Transcript edited by Pierce Butler

This is the 25th in a series of transcript excerpts from the collection of the Samuel Proctor Oral History Program at the University of Florida. Part 2 of this interview will follow in the next issue of the Iguana out April 8.

Medea Benjamin was interviewed by Derick Gomez [G] in 2014.

G: You’ve been an activist for several decades now, and it’s impossible not to admire your strong code of morality, your strong code of ethics. Can you tell me a little bit about where that came from?
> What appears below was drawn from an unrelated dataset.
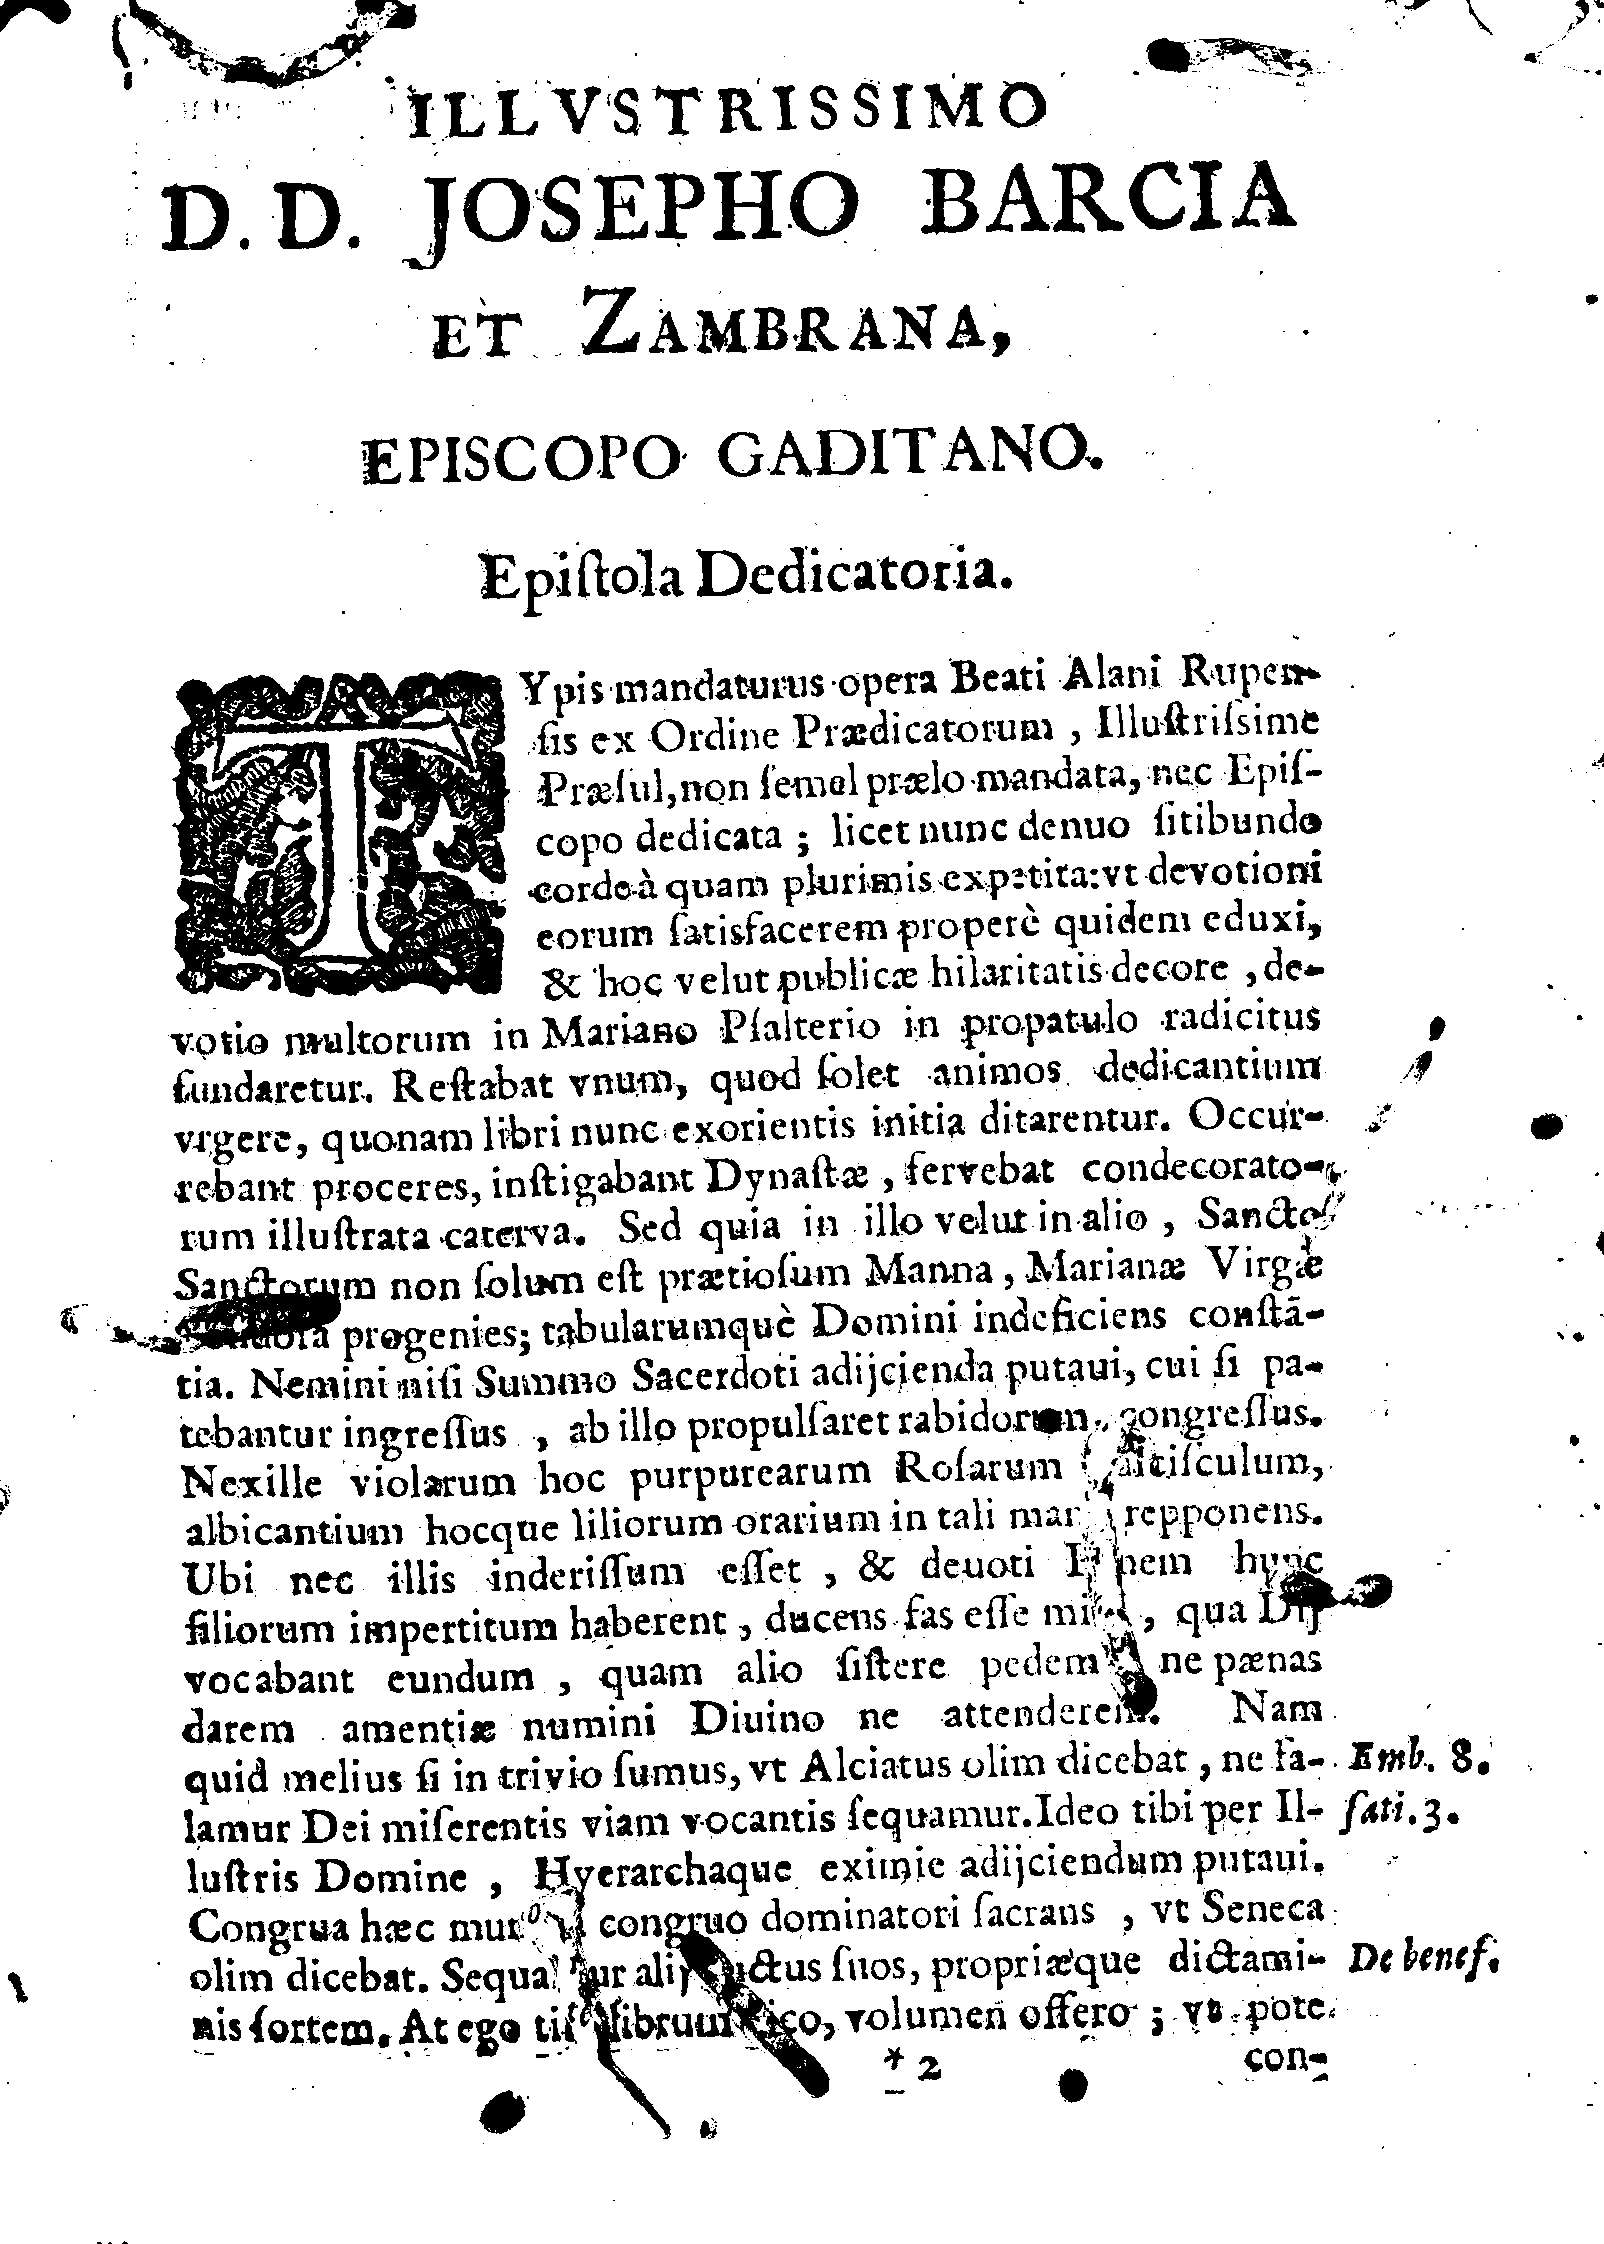 Illvstrissimo D.D. Josepho Barcia et Zambrana, Episcopio Gaditano.
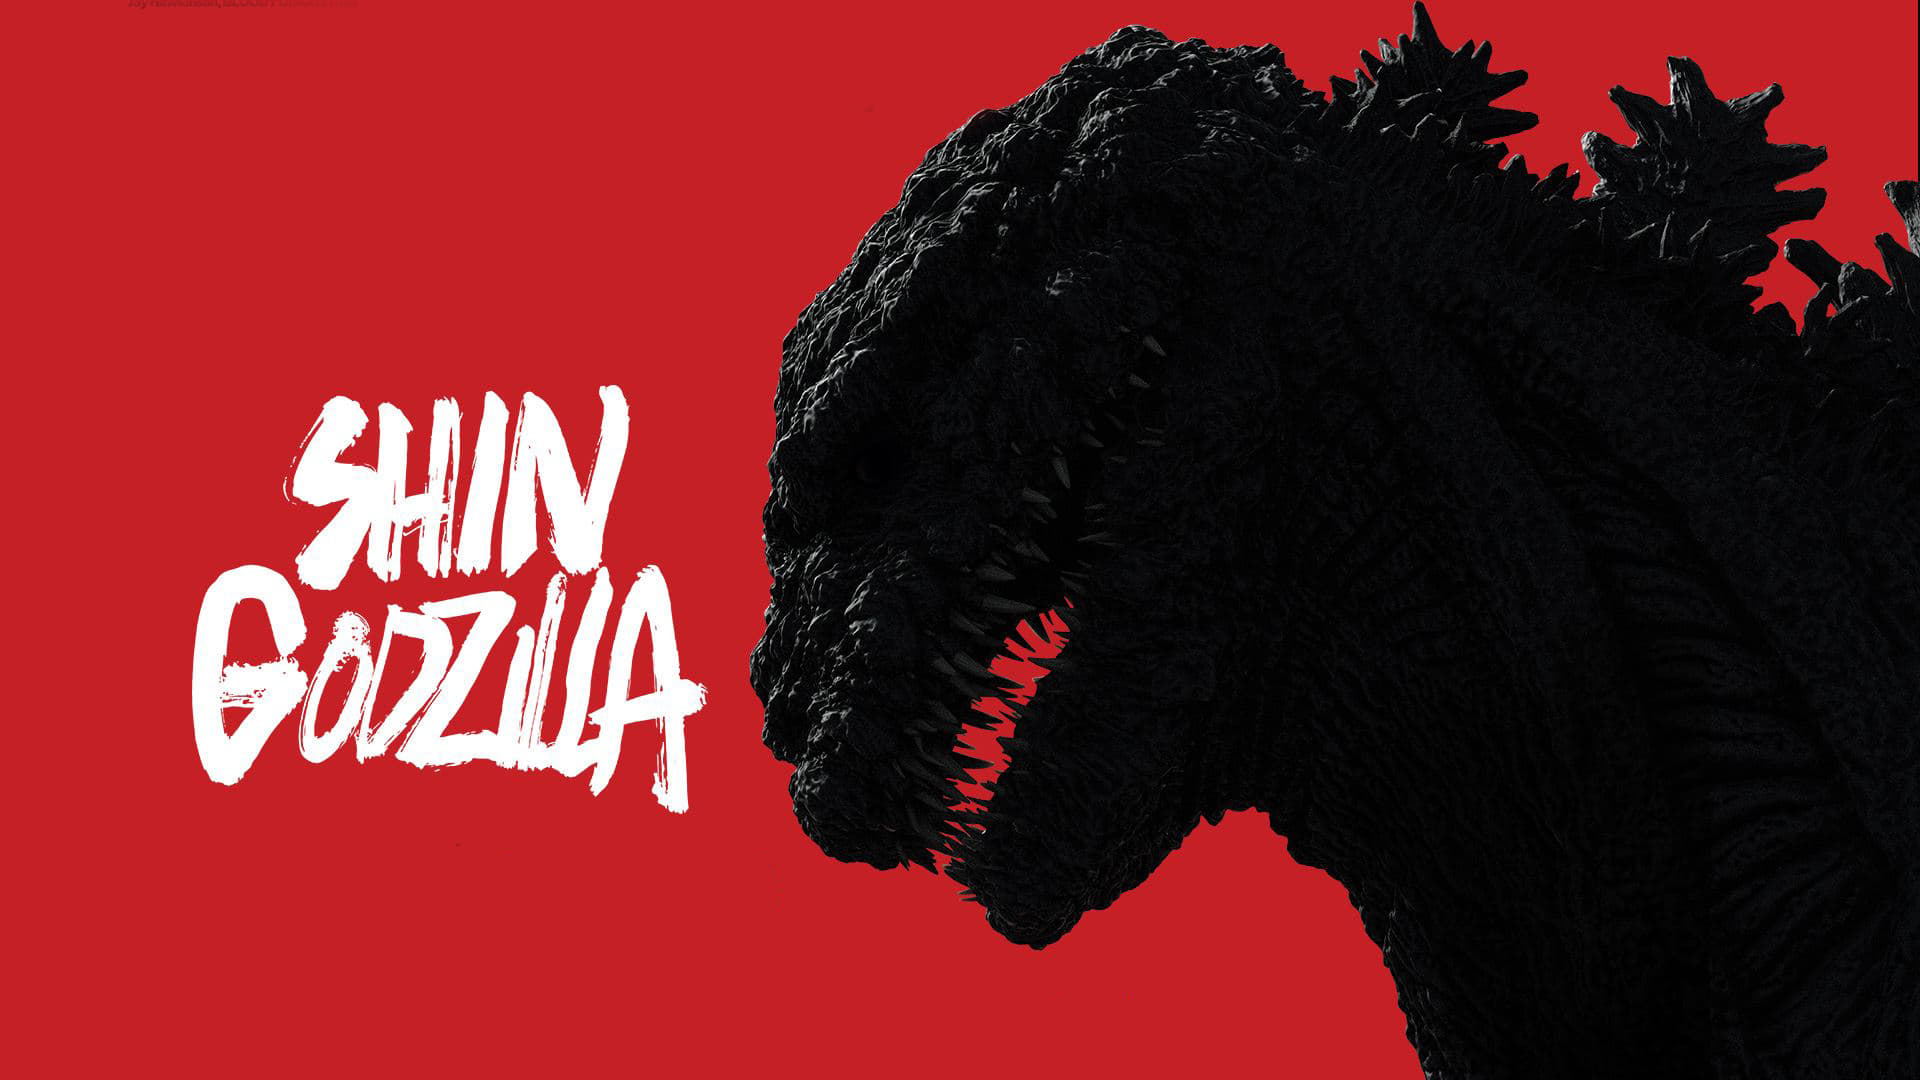 Godzilla Returns

B: It’s funny, just coming into here, I saw the students outside with the ROTC, and they were practicing their different maneuvers with guns. It made me very sad to see, and I just kind of flashed back to many decades ago when I was in school and there was a draft, and people didn’t have a choice.  They were forced to go into the military and to be sent over to Vietnam to fight. My older sister had a boyfriend who was drafted into the military.  And he would write her letters. The letters got more and more disturbing as the months went by.  And then maybe six months into his deployment in Vietnam, he sent her back an ear of a Viet Cong, and he said that this was a souvenir that she could put around her neck and wear as a necklace. I was just so shocked by it, just the whole concept that this nice boy who six months earlier was just one of us, had suddenly turned into kind of a monster, who would think that another human being’s body part would be a souvenir.

I got involved then, started an anti-war group in my high school, started looking out to connect with tother grops. Got involved in politics ‘cause there was a acongressperson who was running for office on an anti-war ticket and I started volunteering on his campaign.  So at the age of 16, I was suddenly an activist, and I guess I’ve been an activist ever since.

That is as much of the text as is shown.